Spyke
programming.dev

Man... I thought this was going to be a proper rant about using maps where you should be using other things... No, it's a make sure you type your function inputs rant...

33
hackeryarnreply
lemmy.world

I wasn't trying to go into typing as much as using structs or objects when working with known data attributes. Sorry that it was a bit misleading.

The original actually went into using trees, sets, heaps, tries, etc., but it felt way too... ranty. After writing all that out, I realized that most of those other cases come up really infrequently, and that my biggest gripe was about not using structs or other pre-defined key container types. I thought it would be better to keep things short and focused.

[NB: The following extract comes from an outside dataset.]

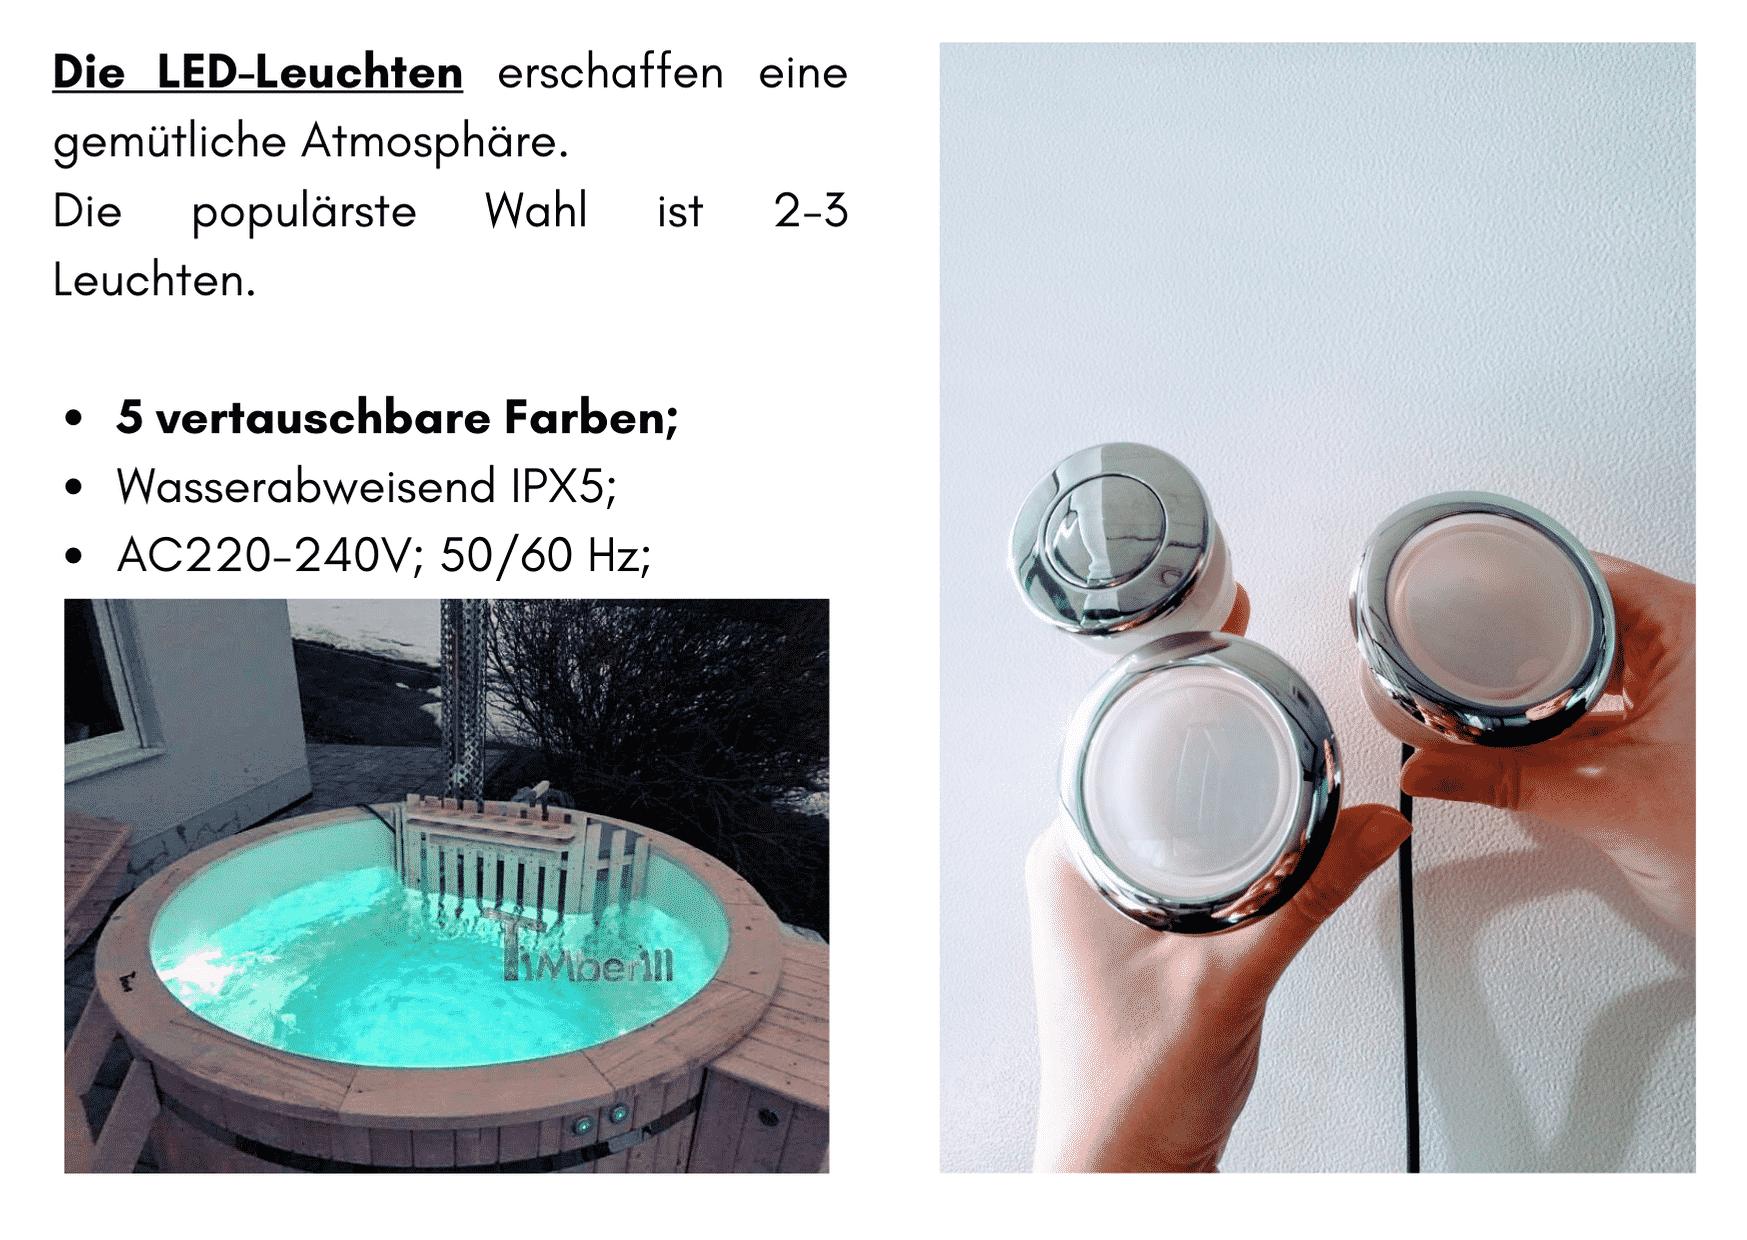 Badezuber mit Kunststoffeinsatz fuer Selbstgestaltung 6

Maybe I should re-write and publish a data structures edition.

11
hackeryarnreply
lemmy.world

I love the addition of dataclass. Makes refactoring such a breeze. If you need to extract some function, boom, you already have a class that you’re using everywhere.

9

Me too. I like to really take my time up front when modelling, because it makes a project so much easier and enjoyable down the road.

5

My most loved and hated feature in PHP is associated arrays. I've seen an associated array that uses 16gb of memory before, it was as beautiful as it was horrifying.

2

Chances are there's probably something similar to dictionary in Python in your languages or at least it's a import/#include away. Although I don't use general programming languages at all, in my used language (G'MIC), I do something like dict$var=input where $var is a defined variable, and this way I can access input by doing ${dict$var} and that's similar to Python dictionary. In C++, there's hash table implementation out there via github. That being said, there are sometimes when you don't need a hashtable dependent on the hashmap, and sometimes, it's just as simple as basic mathematics to access data.